For When You Can't Have The Real Thing
[ start | index | login ]
start > Linux > Software Raid Failed Disk Howto

Software Raid Failed Disk Howto

Created by dave. Last edited by dave, one year and 270 days ago. Viewed 3,889 times. #10
[diff] [history] [edit] [rdf]
labels
attachments

Software Raid: Dealing with a failed drive

The simplest way to proceed is to power down the system and replace the drive.

Note that if you are using mdadm and your boot drive fails you can move the survivor to the boot position so the system is bootable (for example, you have a RAID across hda and hdc, then hda dies -- move hdc to hda, then insert a new hdc). This is useful for systems that don't let you boot from disks other than the first one.

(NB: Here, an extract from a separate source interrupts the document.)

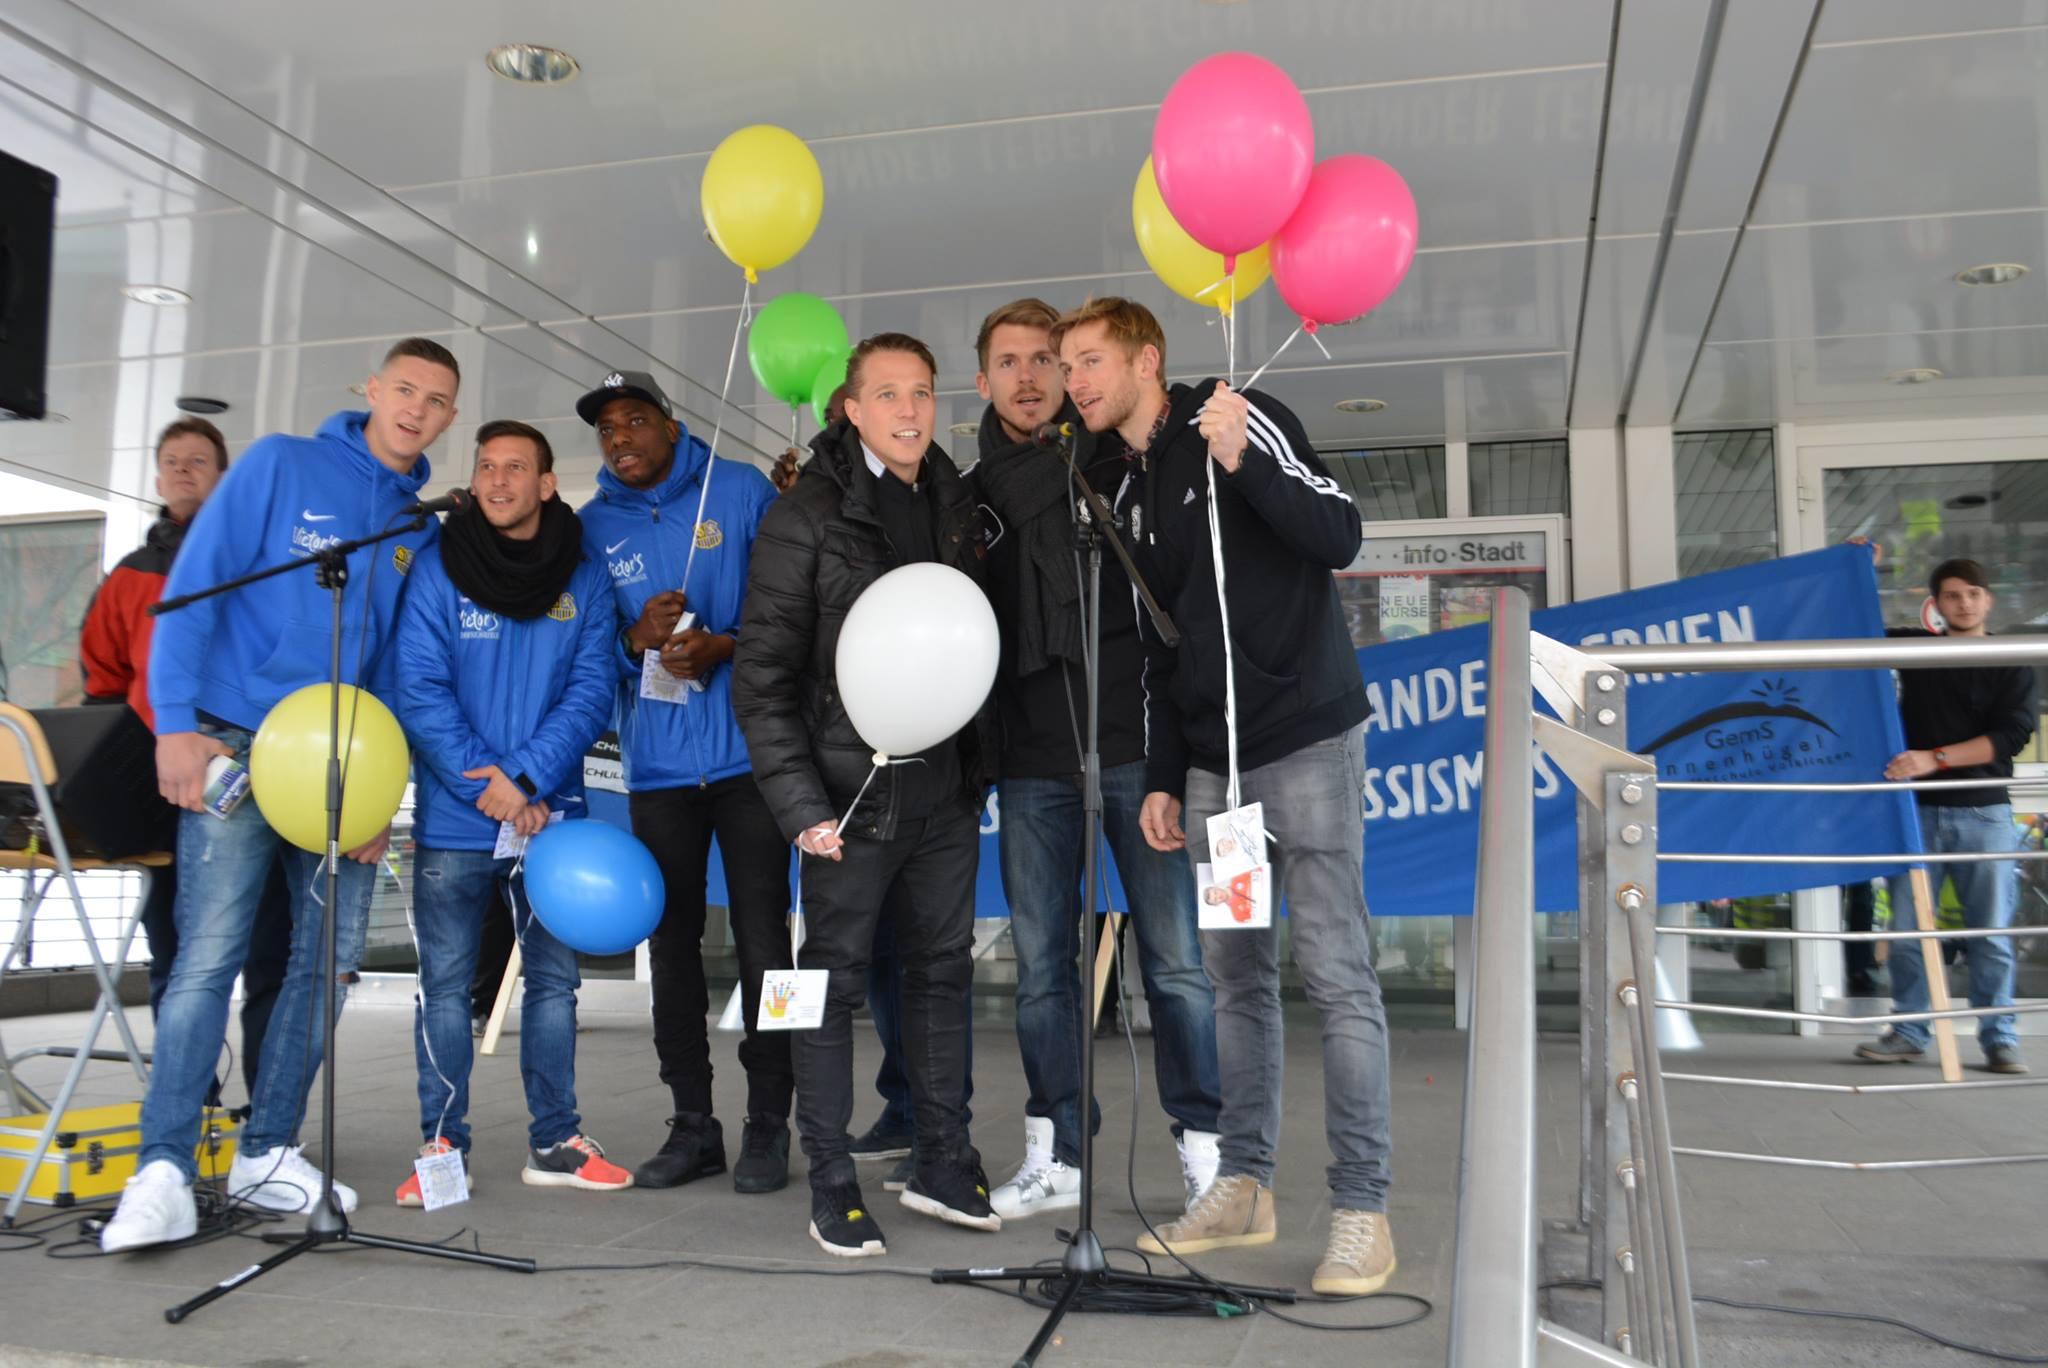 Bereits 2016 hatten die Fußballclubs 1. FC Saarbrücken und SV Elversberg den Schweigemarsch unterstützt (Foto: Schule)
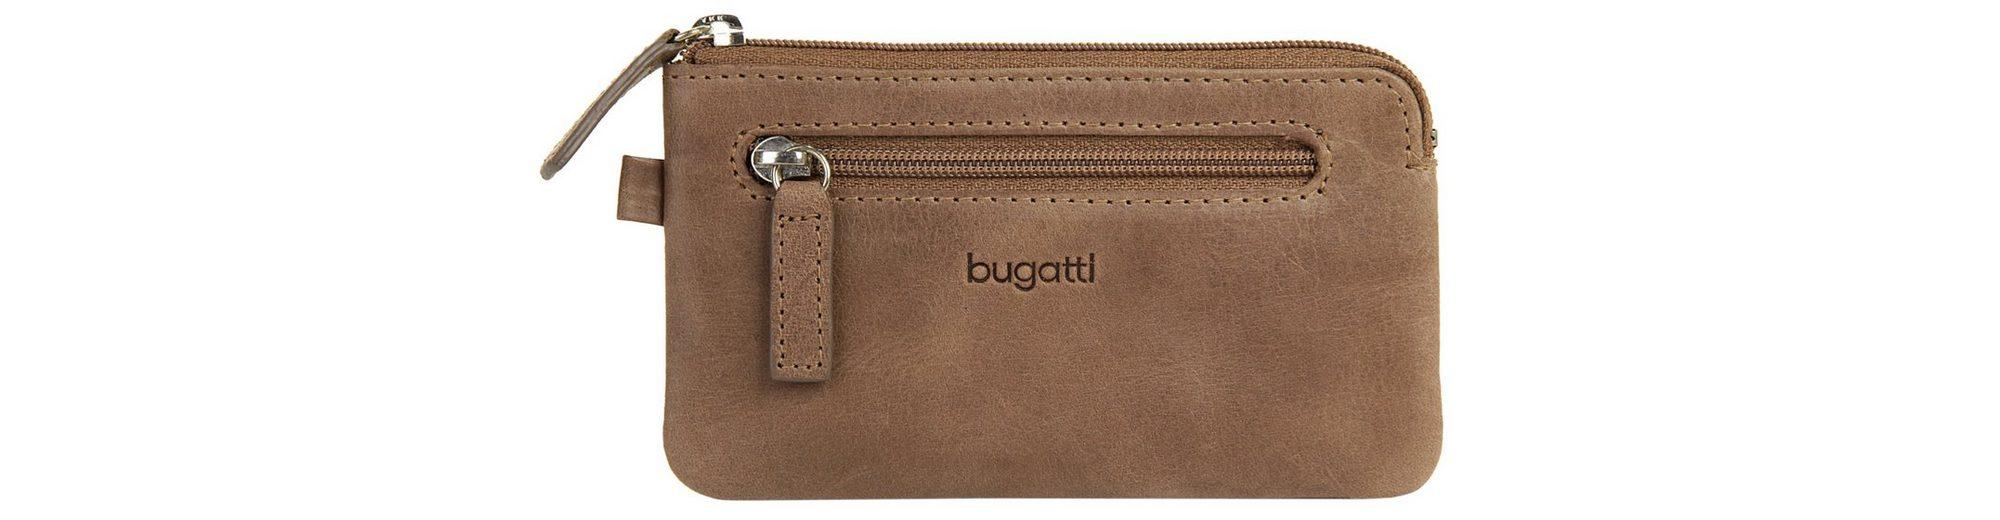 Bugatti Leder Schlüsseletui »Volo«

Skip down to Restore Partitioning Information

An Alternative: Hotswap Linux SCSI drives

(These instructions have been tried, with mixed results -- see below)

(You probably want to read about matching SCSI Device Names And Bus IDs.)

There is a lot of mythology about linux software raid and it being difficult as well as not supporting hot swap of drives. That is excactly what it is, a myth. Since most scsi controllers are adaptec and the adaptec driver supports hotswap functionality in the linux scsi layer, you can echo the device in and out of the realtime /proc filesystem within linux and it will spin down and spin up the corresponding drive you pass to it.

To get the syntax to pass to the proc filesystem you perform:

# cat /proc/scsi/scsi

It will list all scsi devices detected within linux at the moment you pass the command. Let's say you have a smart alert being raised from the aic7xxx module and you want to replace the drive and you are running software raid1 on the system.

Output of the /proc/scsi/scsi is:

Host:  scsi0 Channel: 00 Id: 00 Lun: 00
  Vendor: Seagate Model: and so on
Host:  scsi0 Channel: 00 Id: 01 Lun: 00
  Vendor: Seagate and so on.

Id 1 has been the offender of the smart alerts in messages and you have another exact duplicate of the drive to replace it with.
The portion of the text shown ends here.